第9話 神楽
「今回滅多に会えない君の父上に会いに来たというのも本当だけど、僕は君を今日リクルートしにきたんだ。」
「え!?」
「まだ話は終わっていない」
そう口をはさむ父に神楽は左手をかざし無言で父に発言権がないのだと告げる。
「これはあくまで君の自由だけど、実際にどうこうなるのは君だからちゃんと色々な選択肢を聞いてちゃんと自分で考えておいた方がいい。
さっきの話でも分かる通り今、君は凄く難しい立ち位置にいるんだ。全部は話すことはできないけれど話せるところまで話してあげる。」
父は自分に発言権がないのを悟ると空になったカップを除き店員におかわりを注文した。
それを見た神楽は店員がコーヒーを持ってくるまでの間、本題とは全く関係のない話をし始めた。私にクリームソーダーの味の感想を聞いたり、地方によってはクリームソーダにアイスクリームがはいっていなかったりバニラの香りをつけた茶褐色のソーダーなんてものもあるのだとクリームソーダの豆知識色々はなした。その様子を父は不機嫌そうに眺め私はアイスを口に運びながら聞いた。

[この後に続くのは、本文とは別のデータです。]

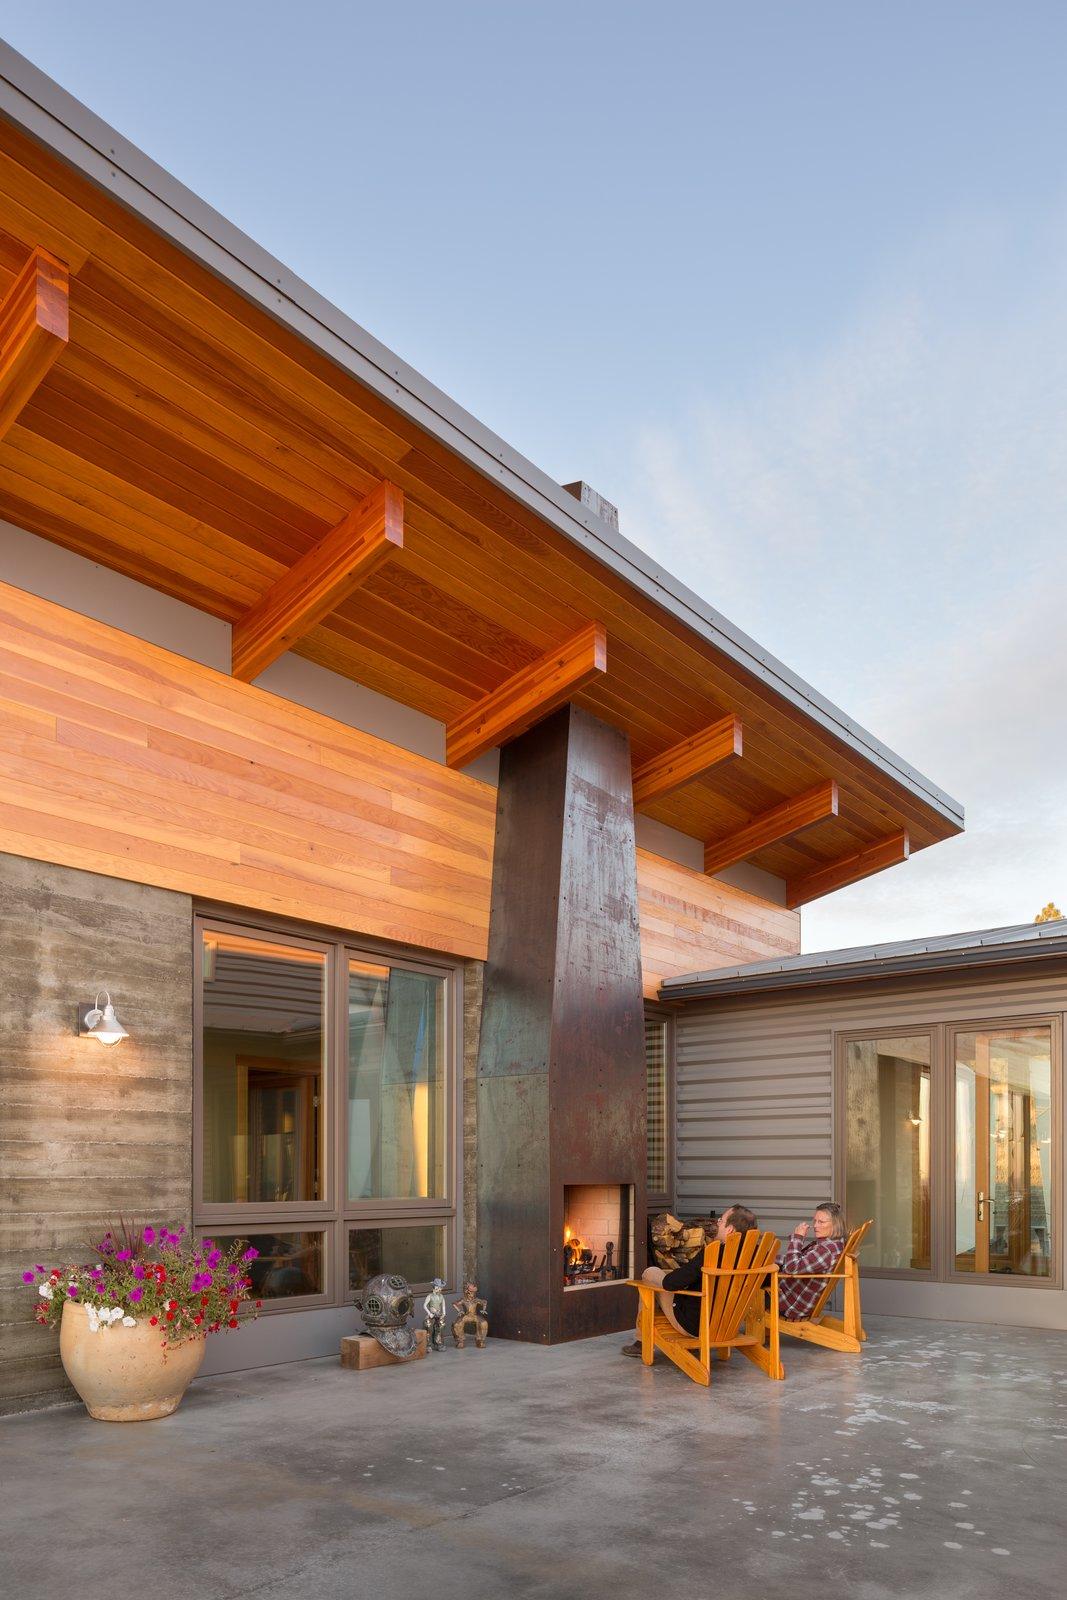 Skyshark by Guggenheim Architecture + Design Studio

そして父の注文したコーヒーがくると同時に神楽は話の本題にはいった。
「さて、本題に入ろうか。君の存在が政府に知られたのはここ数か月のことだったんだ。もう何年も君の父上に子供がいるなんて誰も知らなかったし、君たちの母上が亡くなったことも誰も知らなかった。何故かというと君の父上が住んでいる住宅にはいつも女性の影がなかったから、てっきり離婚したのだとばかりみんな思っていたのさ。
そして数か月前君が感染者として報告されたことをきっかけで君の父上は政府機関の諮問会議にかけられた。同時に身辺調査もされてそこで初めて君の母上が感染して完治しそして出産を経て亡くなったということが分ったんだ。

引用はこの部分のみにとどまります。